(1) Field of the Invention
The present invention is generally directed towards a method to measure the shear wavespeed in an isotropic plate. More specifically, the invention is directed towards a method to estimate the shear wavespeed of a plate shaped test specimen using a mechanical shaker test.
(2) Description of the Prior Art
The shear wave, S-wave or secondary wave, is one of the two main types of elastic body waves, a type of seismic wave, that moves through the body of an object, unlike surface waves. The shear wave moves as a shear or transverse wave, so motion is perpendicular or normal to the direction of wave propagation. The shear wave moves through elastic media, and the main restoring force comes from shear effects. These waves are divergenceless.
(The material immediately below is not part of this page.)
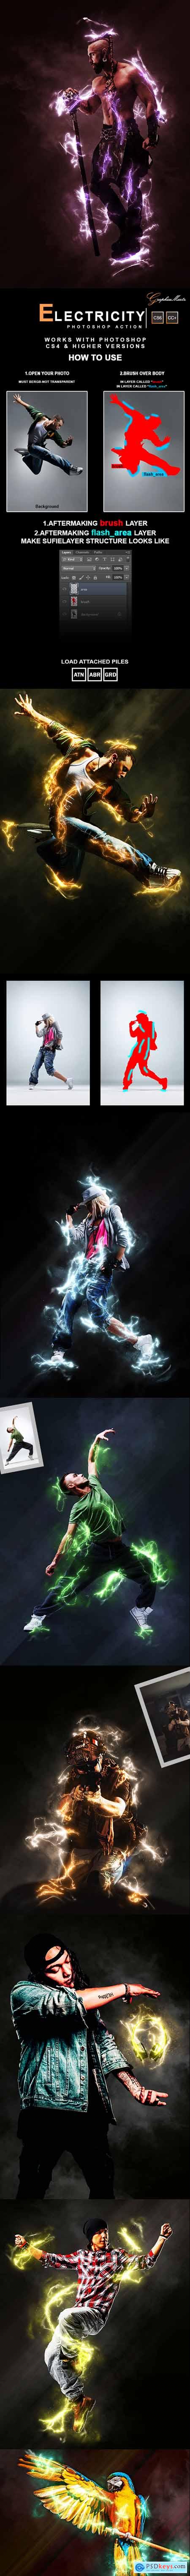 Electricity Photoshop Action 28441466
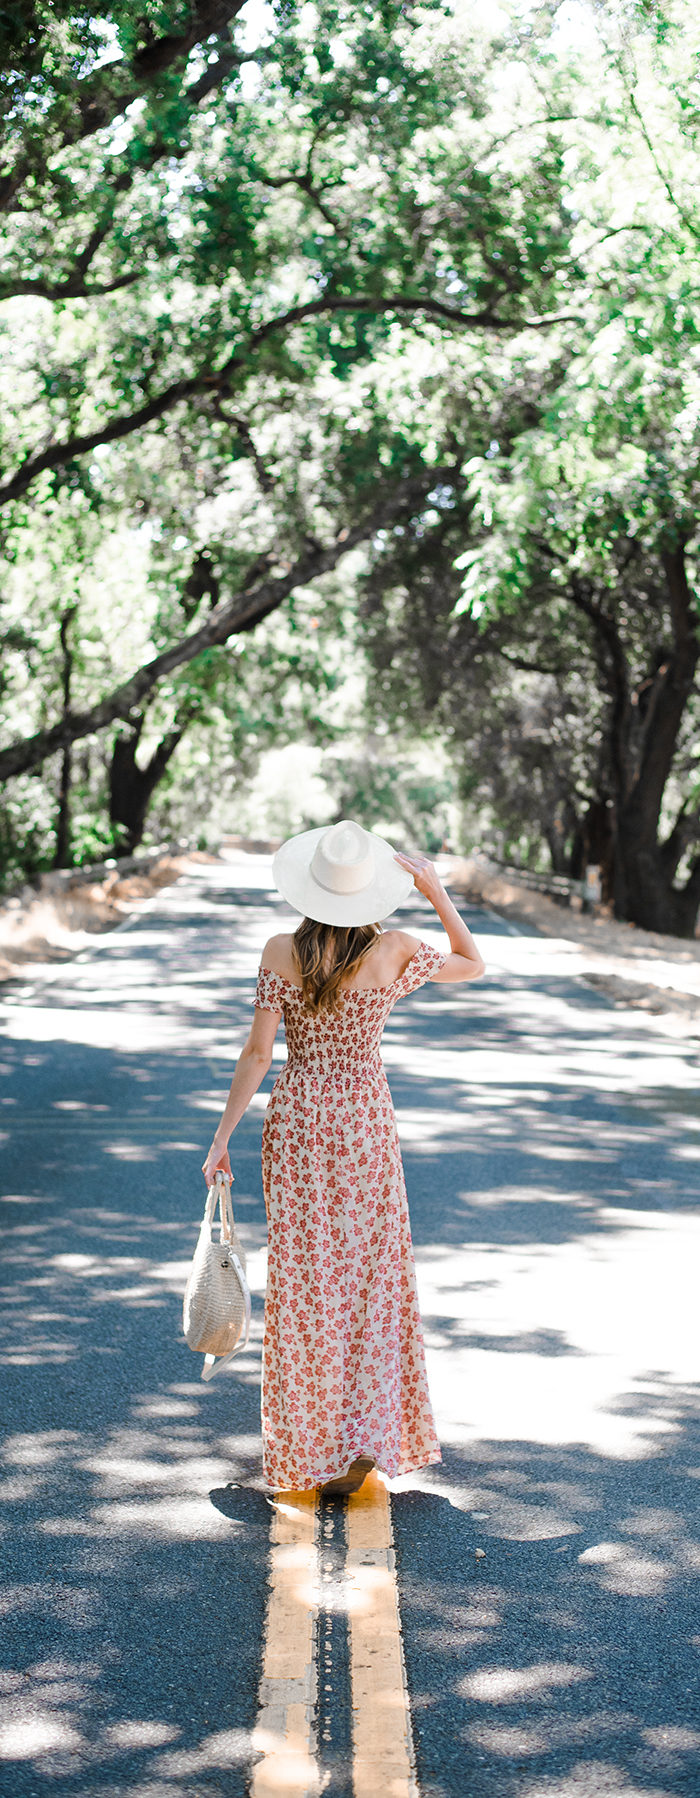 Alyssa Campanella of The A List blog visits Frog's Leap Winery outside Yountville wearing Tularosa Henderson maxi dress

Measurement of material properties of elastic systems has been and continues to be an active area of investigation. Resonant techniques have been used that usually involve measuring the natural resonant frequencies of slender structures. Once measured, these frequencies are equated to the corresponding analytical natural frequencies, which are typically functions of Young's modulus, shear modulus, length and/or mass. The resultant expression can be solved, which produces an estimate of Young's or shear modulus at each natural frequency. Non-resonant methods have also been used. Although slightly more complicated than resonant techniques, these methods have the ability to estimate material properties at frequencies other than the natural frequency of the system. Typically, non-resonant techniques involve equating measured data with a simplified analytical model of the system. The analytical model is rewritten so that the material properties that are to be estimated are rendered as functions of the data.
Both resonant and non-resonant methods are usually performed at low frequencies, where simple (though limited) analytical models and corresponding dynamic behavior exists. Ideally, the structure under testing will have only a single mode of energy propagation, so that the effects of other wave motion will not corrupt the estimation process.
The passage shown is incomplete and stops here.